FRACP DCEMRCP Part 2MRCP PACES

Target exams

FRACP DCEMRCP Part 2MRCP PACES
Prompt
DCE short-case preparation: structured written reasoning for the systematic neurological examination of the upper limbs, covering the eight-step routine, the interpretation of each sign, the UMN versus LMN framework, the localisation of wasting patterns, tremors, tone abnormalities, reflex patterns (including the inverted supinator sign), coordination deficits, and the spinothalamic and dorsal column sensory pathways, with a model case discussion of motor neuron disease and cervical myelopathy.

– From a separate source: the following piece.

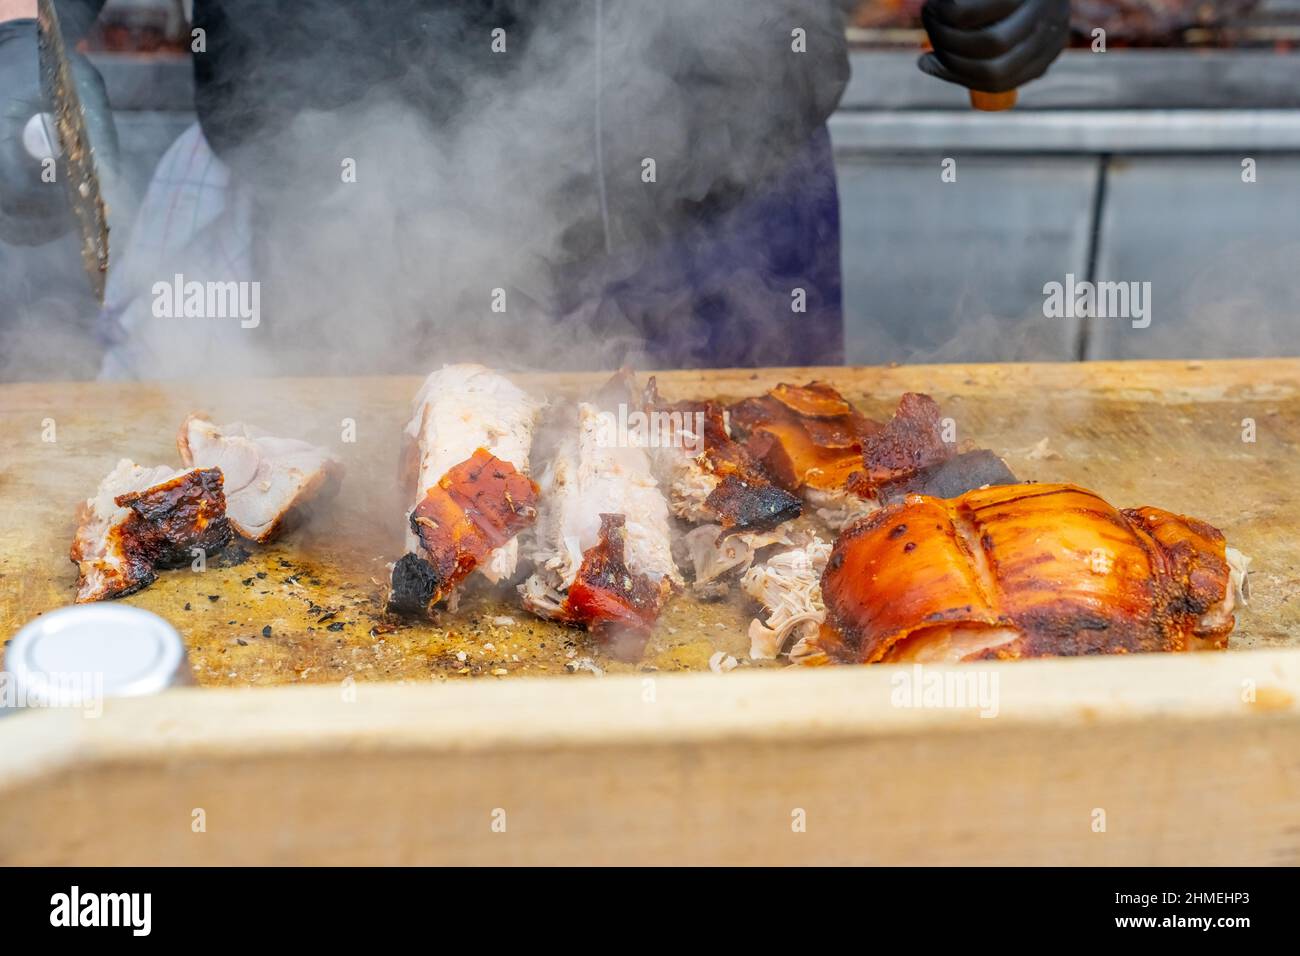 Straßengrill, gebratenes Fleisch. Ein Mann schneidet ein gebratenes Stück Fleisch in Portionen. Traditionelle weihnachtsmarkt in Monaco. Hochwertige Fotos Stockfoto

SAQ 1 — Upper Limb Neurological Examination: Localisation, Diagnosis, and Differential (20 marks, 30 minutes)

Prompt: Outline your systematic approach to this patient's upper limb neurological examination, addressing: (a) the eight-step examination routine and how each step contributes to the localisation; (b) the interpretation of the combined upper and lower motor neuron signs and the most likely diagnosis; (c) the differential diagnosis and how you would exclude the key mimics; (d) the investigations you would arrange; (e) the cranial nerve and lower limb findings you would specifically seek to complete the assessment; and (f) the common examination trap in this case. [1]

Model Answer

(a) The eight-step examination routine (4 marks): [1]

My systematic routine is inspection, tone, power, reflexes, coordination, sensory, cortical sensory, and functional testing — performed in the same order every time, because each step builds on the last to localise the lesion. [1]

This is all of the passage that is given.